According to the paper, constraints assert that a parameter (describing the state of the world) is bounded by a constant. The frequentist and the Bayesian use constraints differently:

The frequentist uses constraints directly by restricting the set of parameters that satisfy the constraints.

whereas

The Bayesian chooses a prior probability distribution that assigns probability 1 to the set of parameters that satisfy the constraint.


The Bayesian approach

The Bayesian approach starts with (1) a prior probability distribution on the parameters and (2) a likelihood function. The information in the prior and the data is contained in the posterior.

The author notes there are a number of arguments for the Bayesian approach:

  1. People are in fact Bayesian (false)
  2. People should be Bayesian (else “incoherent”)
  3. The choice of the prior does not matter (much), because the data eventually overwhelm the prior

The last argument: “choice of the prior does not matter”, is saying that if we have enough data then it doesn’t matter what we do. The sceptic in me wants to know: how to tell when we have enough data?

Another insightful comment I found was:

[T]he fact that you can compute something does not automatically make the answer meaningful, relevant, or useful: The world is full of “quantifauxcation,” which consists of assigning a meaningless number to something, then concluding that because the result is quantitative, it must be meaningful.

For instance, let say I give a person a 6, divided that by 2, and so it is now 3. What does this mean? Not much.

According to the paper, in Bayesian statistics the prior probabilities quantify the degree of belief.

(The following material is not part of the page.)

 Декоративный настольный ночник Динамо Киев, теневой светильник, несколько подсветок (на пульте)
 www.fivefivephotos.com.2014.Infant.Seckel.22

I have never seen a Bayesian analysis of real data in which the data analyst made a serious attempt to quantify her beliefs using a prior.

Say what?!

Two analysts can have very different priors and both be right

The relationship between the prior and the world has no bearing on whether I am right or wrong

… combined with “choice of the prior does not matter”, the frequentist approach is looking pretty sweet.

The frequentist approach

In the frequentist approach, probabilities are used to describe long-term regularities in repeated trials.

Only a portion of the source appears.